Information provided section start
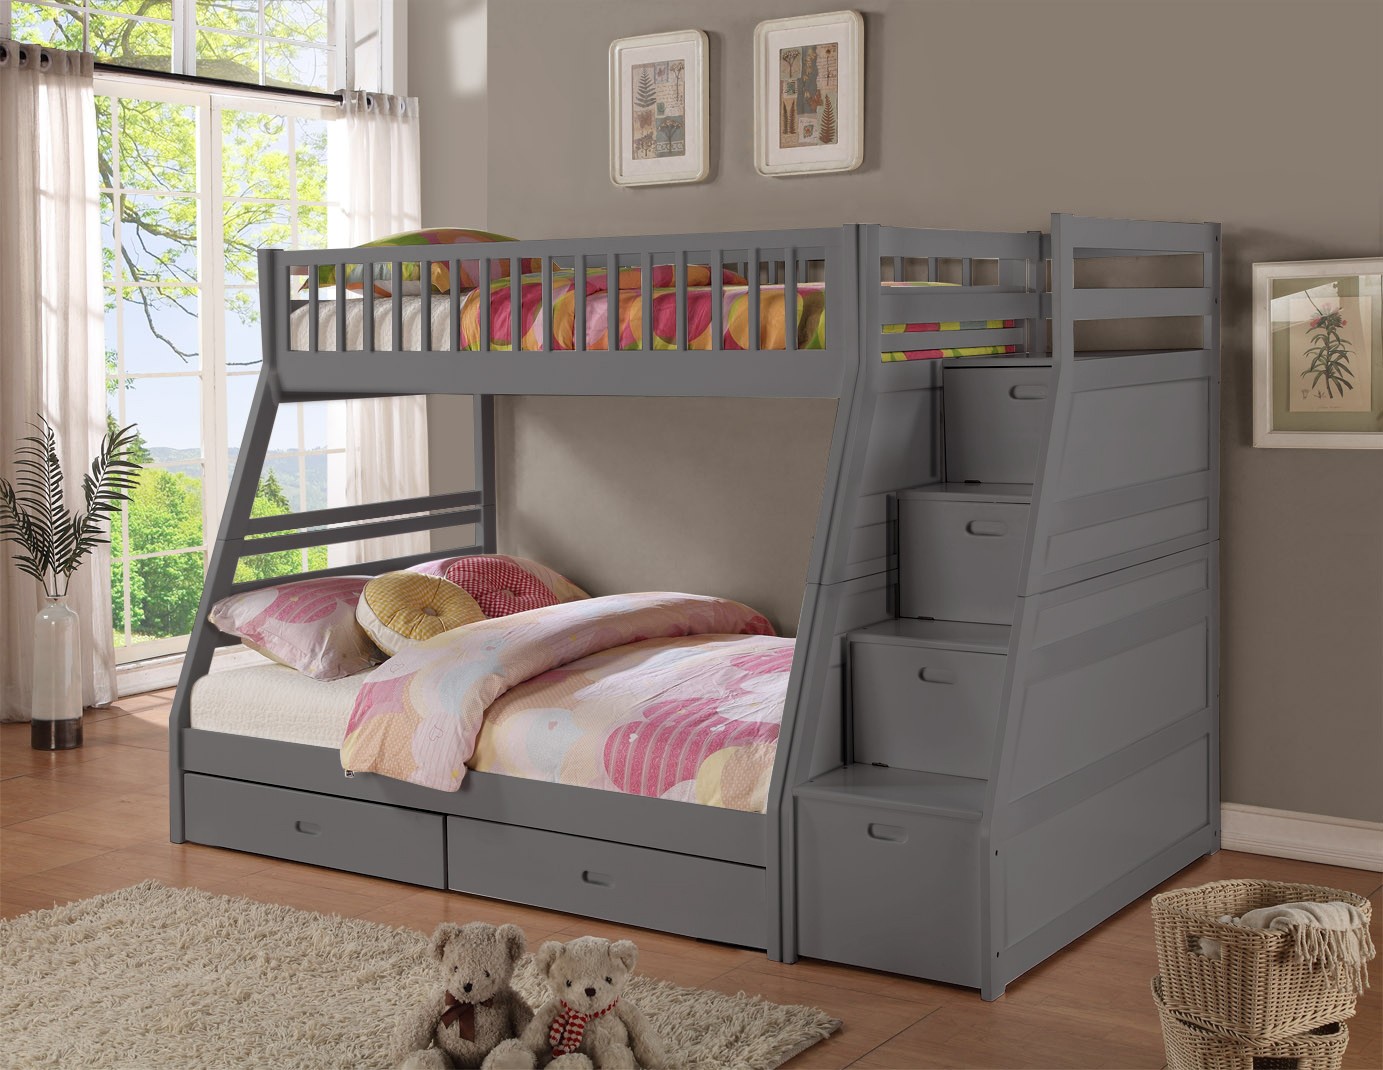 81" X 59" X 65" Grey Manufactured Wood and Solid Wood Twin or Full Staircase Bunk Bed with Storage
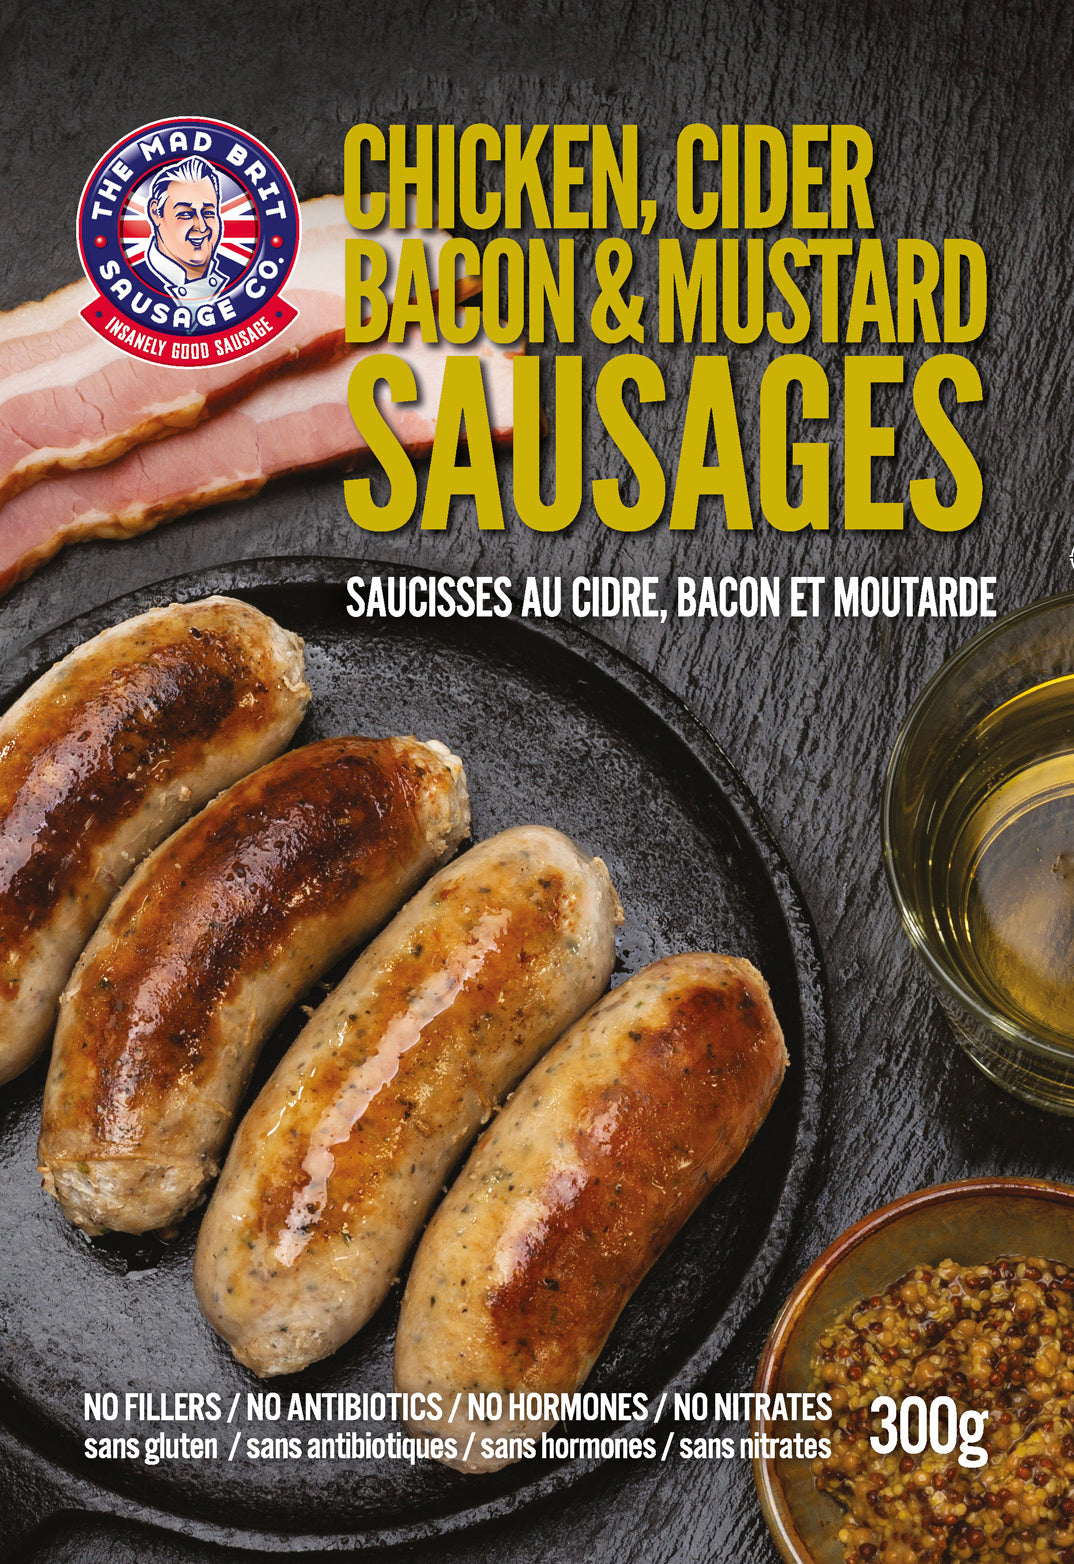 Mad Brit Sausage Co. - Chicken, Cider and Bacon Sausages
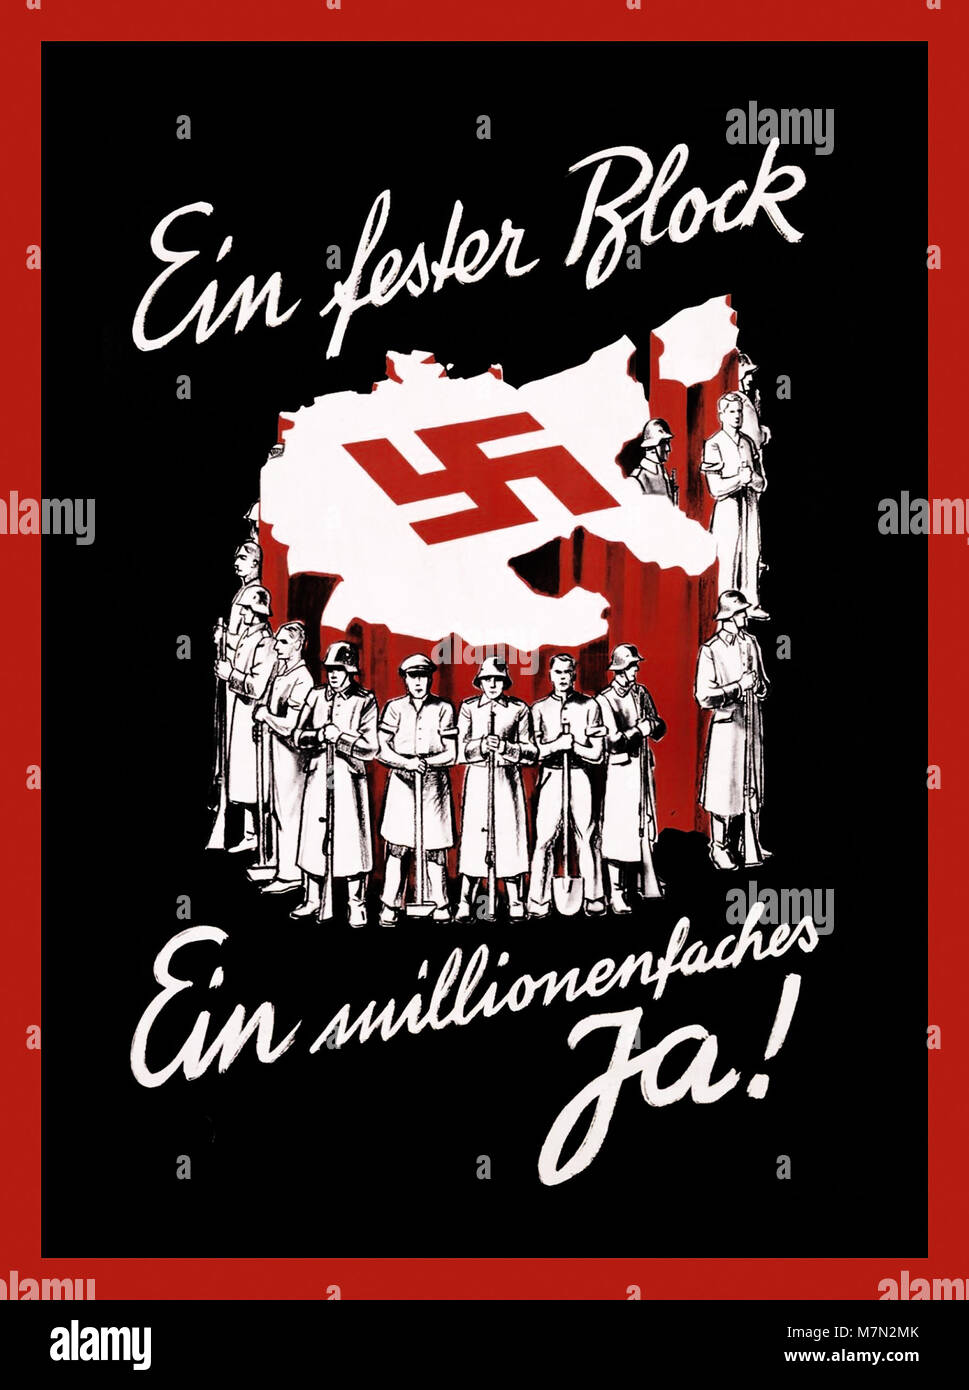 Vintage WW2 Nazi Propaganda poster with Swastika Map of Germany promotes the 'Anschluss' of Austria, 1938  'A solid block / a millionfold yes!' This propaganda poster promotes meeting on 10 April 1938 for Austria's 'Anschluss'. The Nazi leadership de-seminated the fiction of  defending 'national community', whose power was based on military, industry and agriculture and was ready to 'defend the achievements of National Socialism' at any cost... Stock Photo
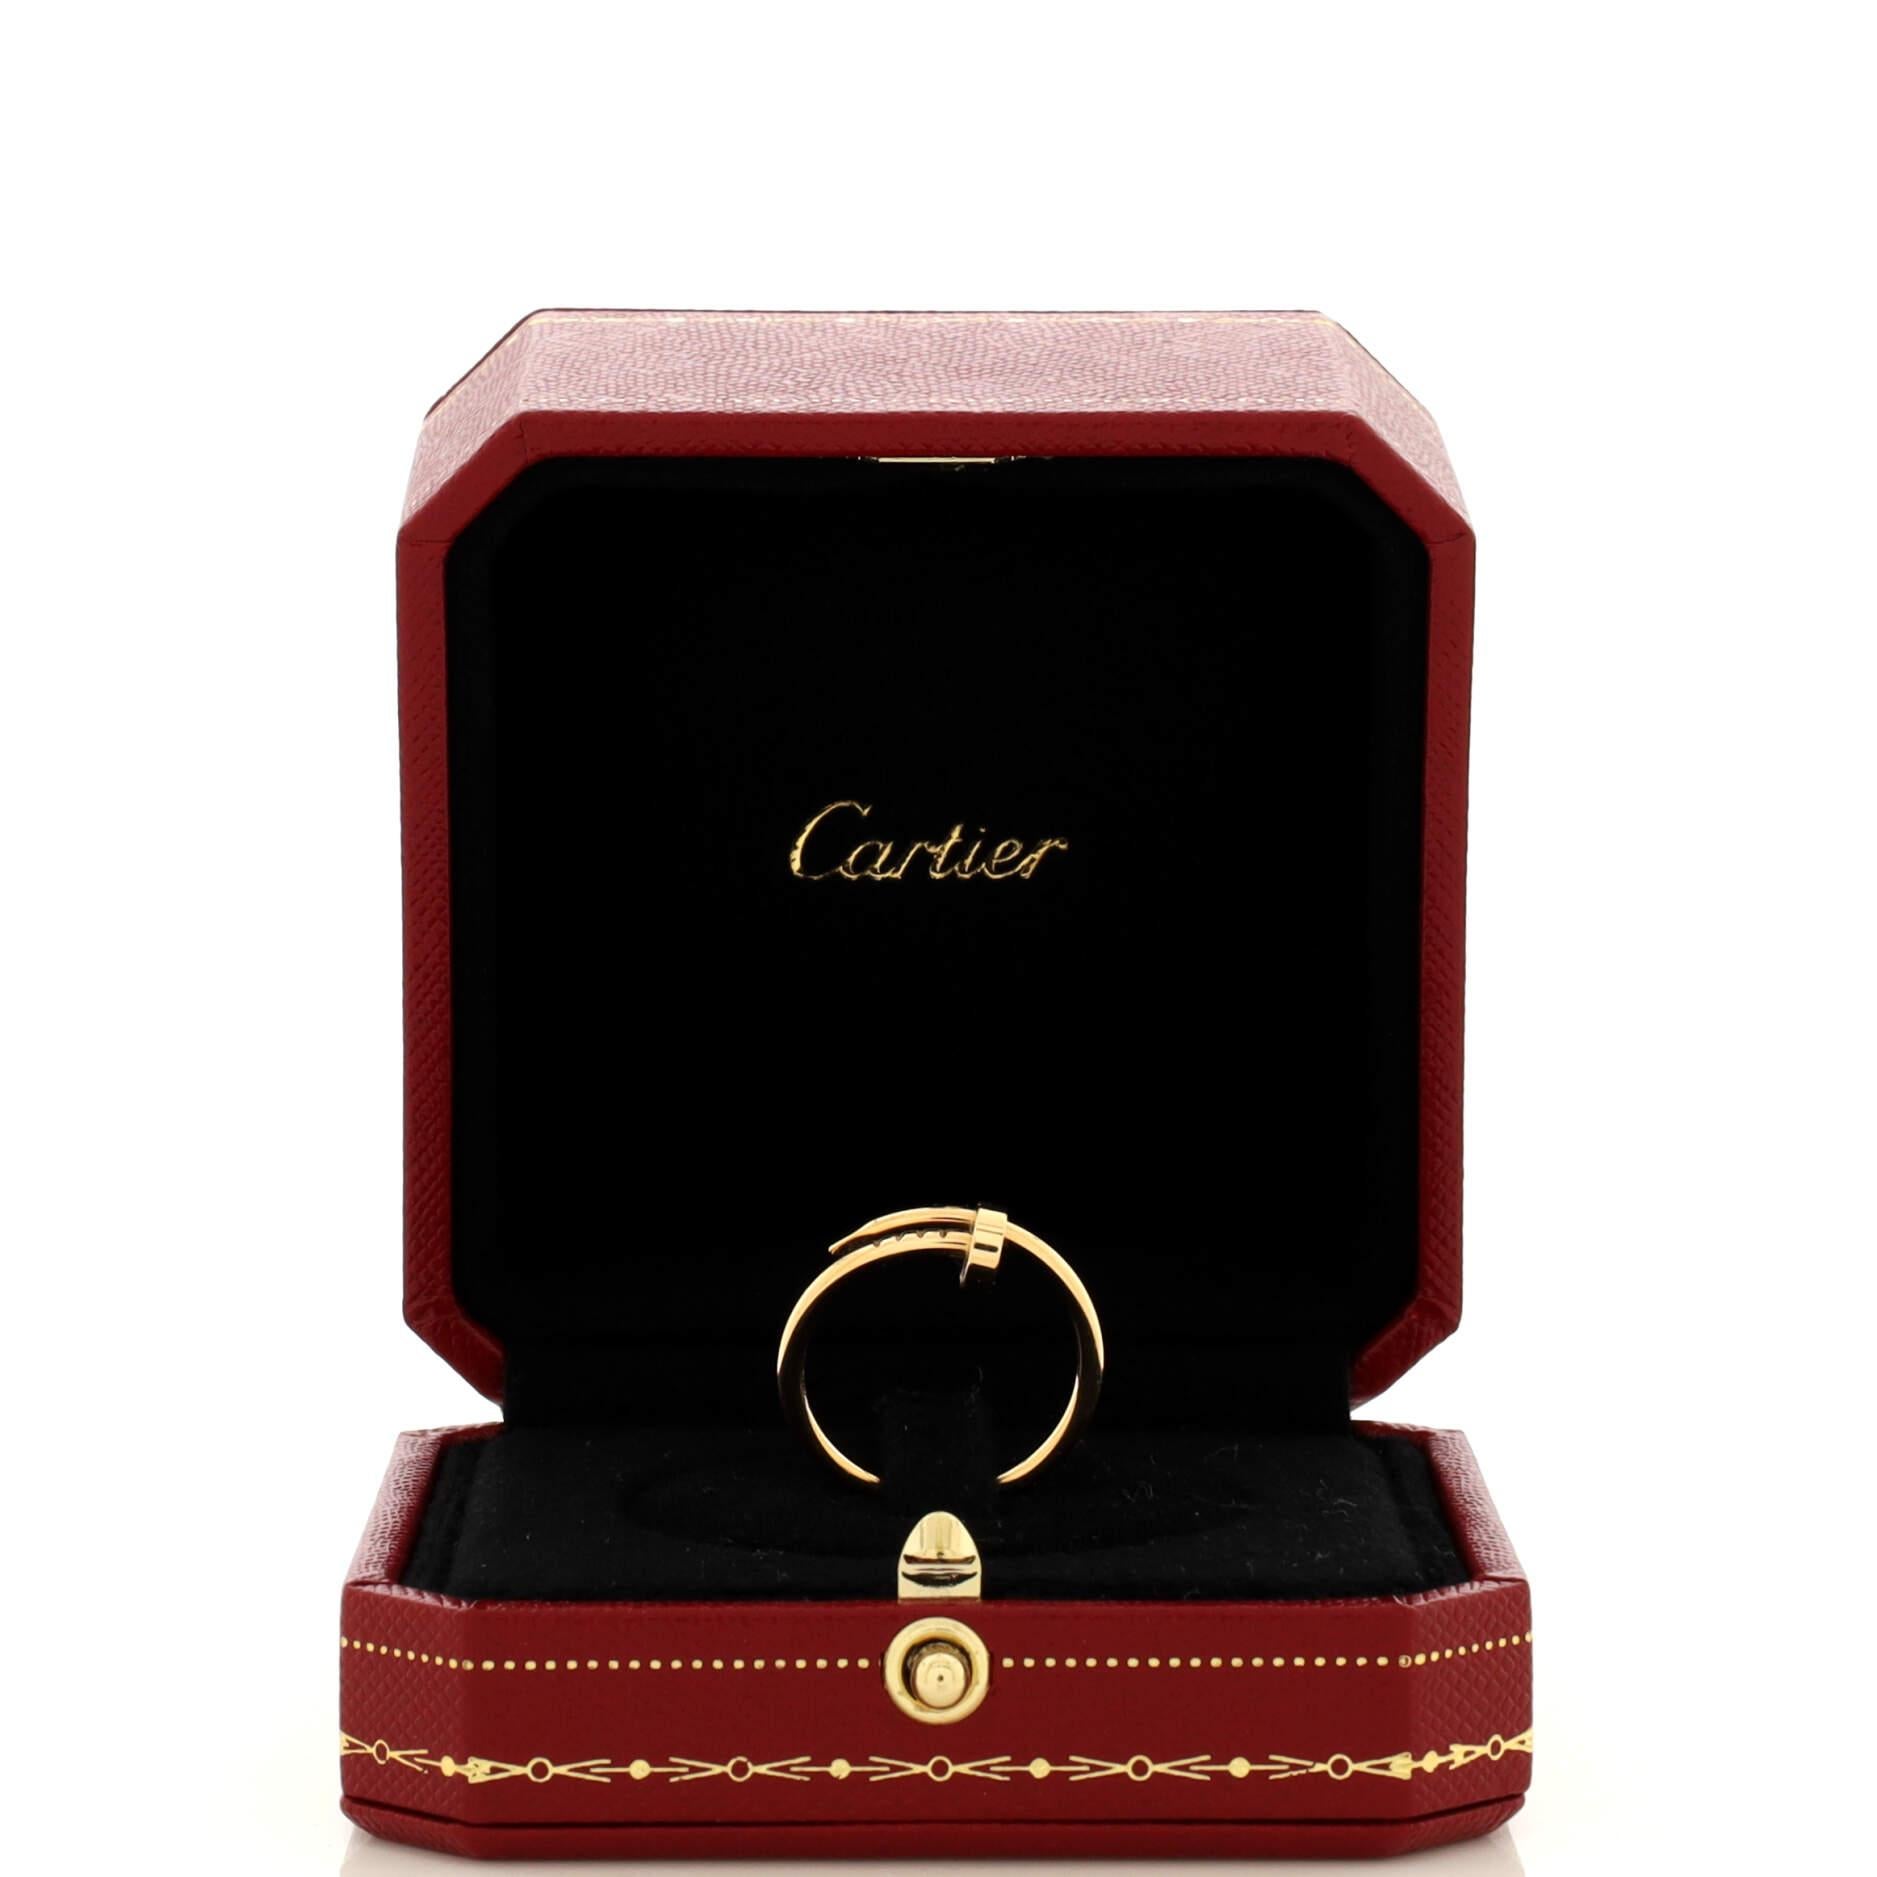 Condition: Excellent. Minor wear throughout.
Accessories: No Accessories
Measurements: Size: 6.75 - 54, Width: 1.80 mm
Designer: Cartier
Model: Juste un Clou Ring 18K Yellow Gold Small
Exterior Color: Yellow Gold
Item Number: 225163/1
Information provided section end
**What is needed**. Your task is to write out, exactly, the line that holds "Measurements: Size: 6.75 - 54, Width: 1.80 mm" and every line after it until the records end.

**Answer space**.
Measurements: Size: 6.75 - 54, Width: 1.80 mm
Designer: Cartier
Model: Juste un Clou Ring 18K Yellow Gold Small
Exterior Color: Yellow Gold
Item Number: 225163/1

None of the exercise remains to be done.